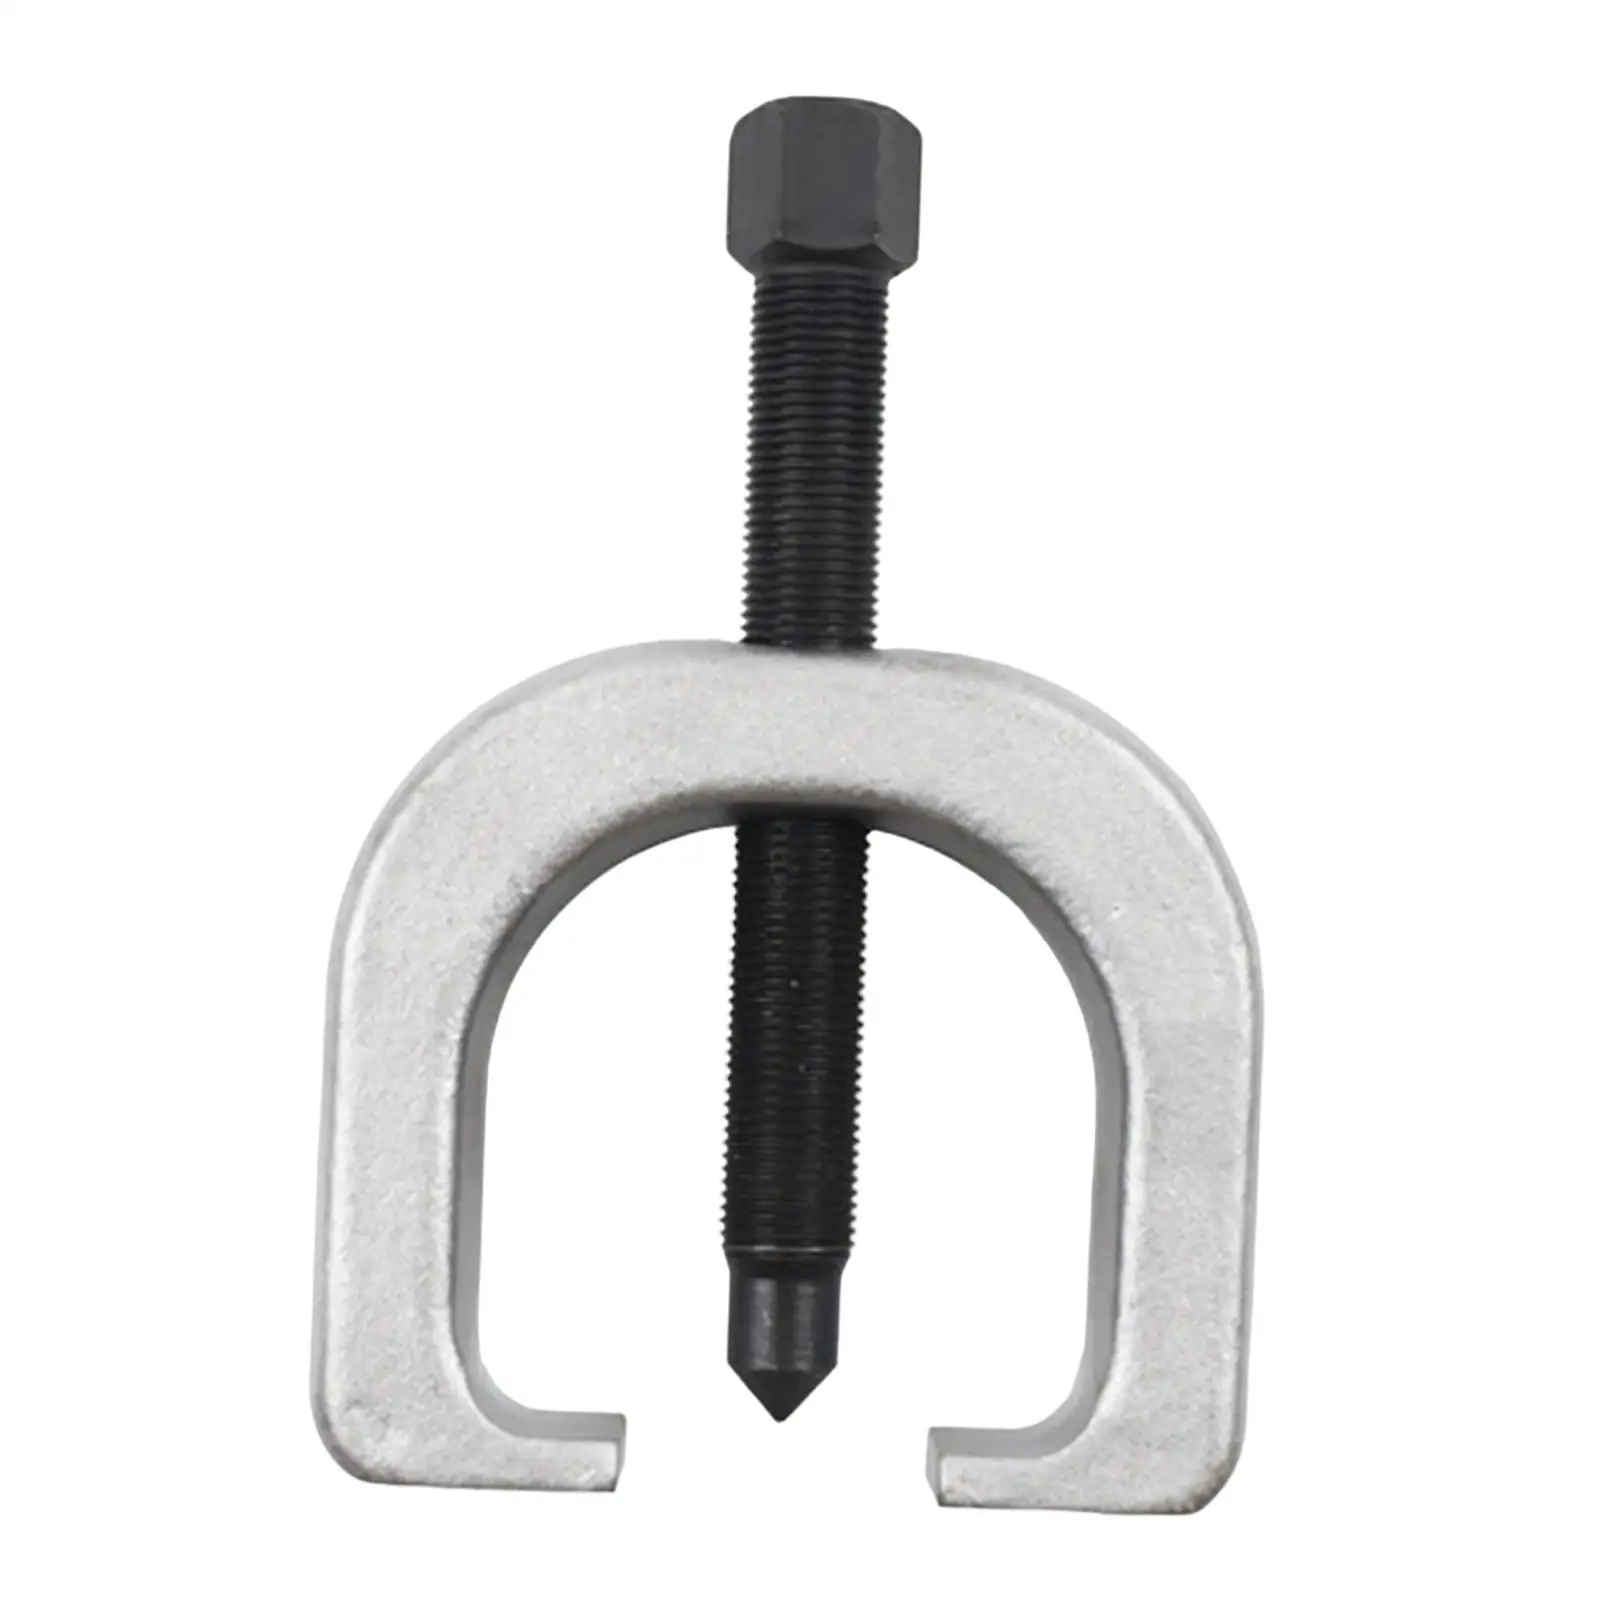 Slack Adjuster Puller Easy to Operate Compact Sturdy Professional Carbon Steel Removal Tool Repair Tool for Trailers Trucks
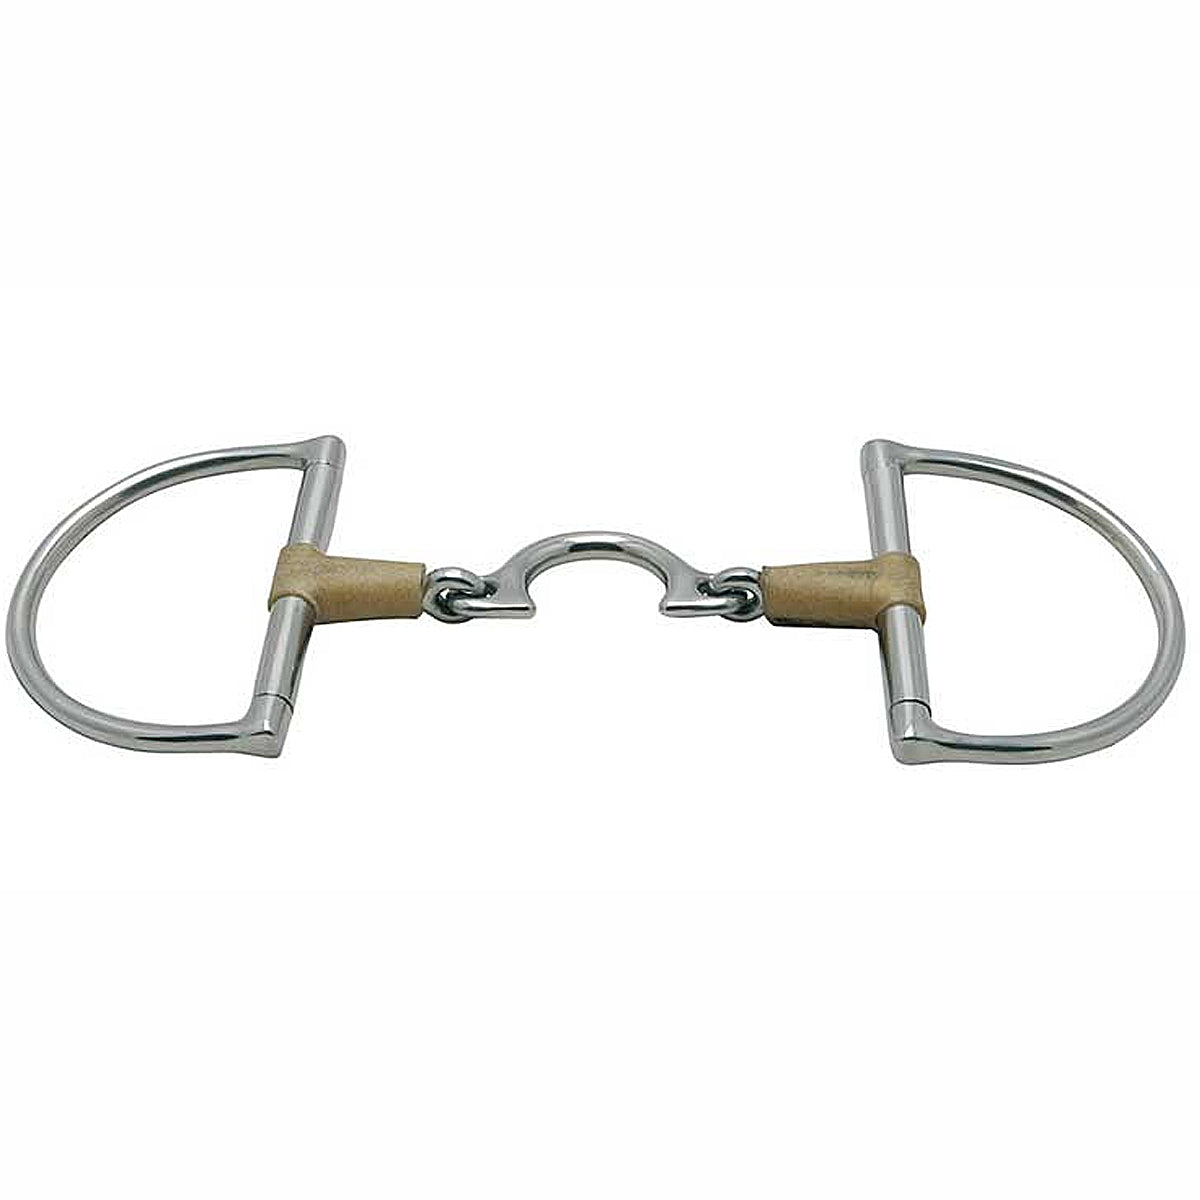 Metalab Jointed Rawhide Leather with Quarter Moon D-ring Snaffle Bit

...

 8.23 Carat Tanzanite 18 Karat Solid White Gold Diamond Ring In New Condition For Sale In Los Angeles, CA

...

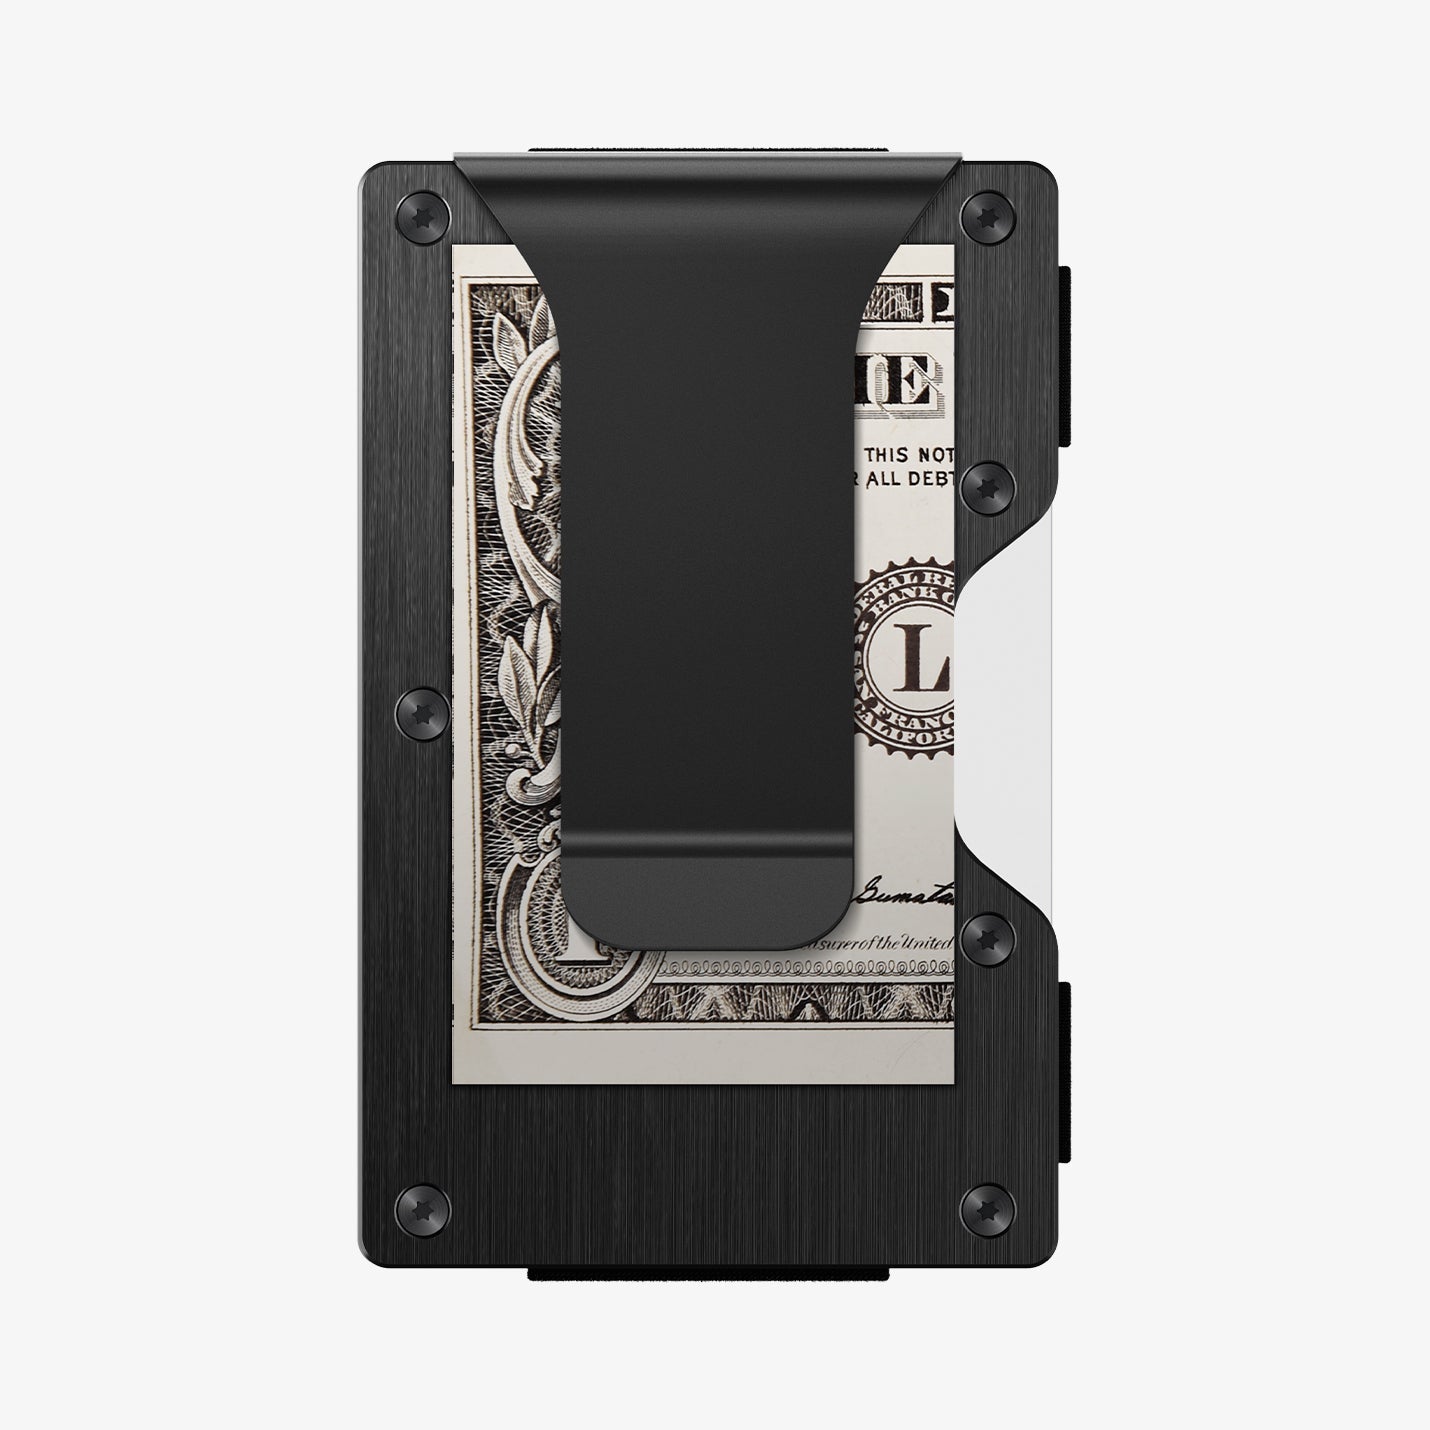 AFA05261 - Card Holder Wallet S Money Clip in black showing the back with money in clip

* [Problem]:
Print exactly, with no pictures, the lines above from the one that holds "Slack Adjuster Puller" through the one that holds "Metalab Jointed Rawhide", both of them included.

* [Completed exercise]:
 Slack Adjuster Puller Easy to Operate Compact Sturdy Professional Carbon Steel Removal Tool Repair Tool for Trailers Trucks
 Metalab Jointed Rawhide Leather with Quarter Moon D-ring Snaffle Bit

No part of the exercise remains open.